The CDC says the disease is contagious through the air when the infected cough or sneeze. The symptoms, which can include high fever, red eyes, a full-body rash, and a stuffy nose, usually disappear in those infected after a couple of weeks. But for one or two children out of 1,000 who get measles will die, according to the CDC.

The 107 measles cases for 2018 were recorded up until July 14 and occurred in Arkansas, California, Connecticut, Florida, Illinois, Indiana, Kansas, Louisiana, Maryland, Michigan, Missouri, Nevada, New Jersey, New York, North Carolina, Oklahoma, Oregon, Pennsylvania, Tennessee, Texas, Washington and the District of Columbia.

Although this mid-year count is definitely high compared to the last few years, it’s still not trending nearly as badly as 2014, a year that saw a total of 667 cases in 27 states. Of the 2014 cases, 338 were linked to a single outbreak.

In other words, vaccinating everyone who’s medically able to be immunized is absolutely crucial when it comes to preventing large outbreaks. It’s areas with pockets of unvaccinated individuals that are seeing the worst of the outbreaks. The CDC says most of those who contract measles are not inoculated against the illness.

The CDC also notes in their report that measles are still common in Europe, Asia, the Pacific, and Africa. Travelers can bring them back to the U.S. where they spread most easily in areas with lower vaccination rates.

The measles vaccine (known as MMR, measles, mumps, rubella) is highly effective. Just one dose is 93 percent effective at preventing the disease for a vaccinated person coming into contact with it. A second dose brings that number to 97 percent. It’s recommended by the CDC for kids to receive their first dose between 12 and 15 months of age.
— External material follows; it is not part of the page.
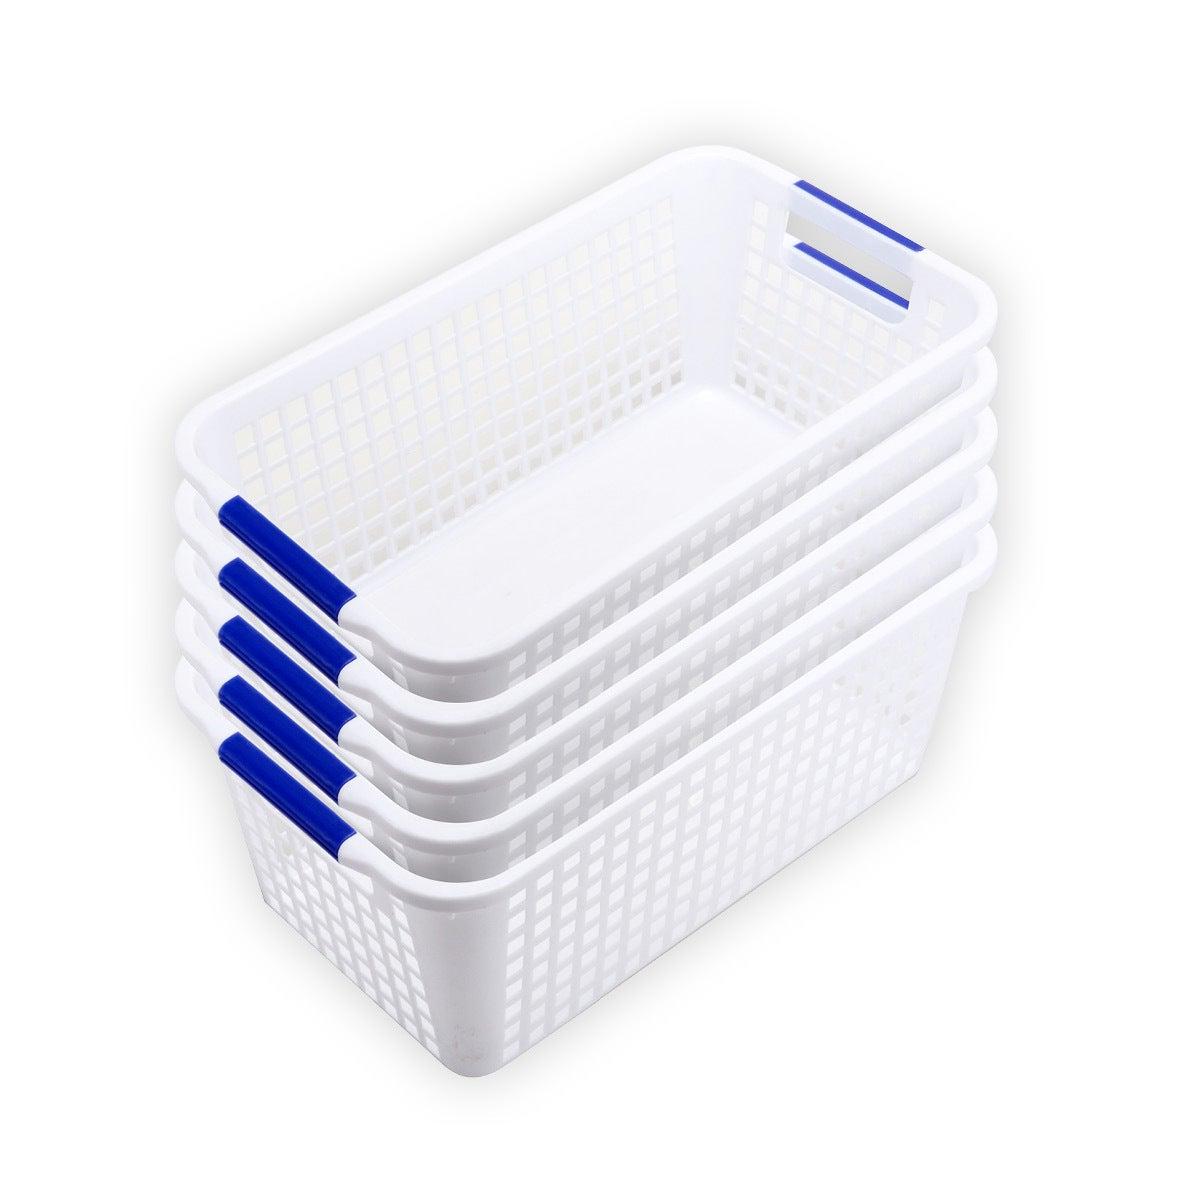 Home Master® 5PCE Storage Baskets Multi Purpose Space Saving 16 x 30 x 12cm

The second, between ages four and six.

The World Health Organization reports that measles are one of the deadliest childhood illnesses globally with 450 kids dying from the disease every day. Unvaccinated infants are particularly vulnerable to infection, which is why the CDC emphasizes the importance of herd immunity. We need to protect those who are unable to be vaccinated — or else these outbreaks will continue and possibly, get worse.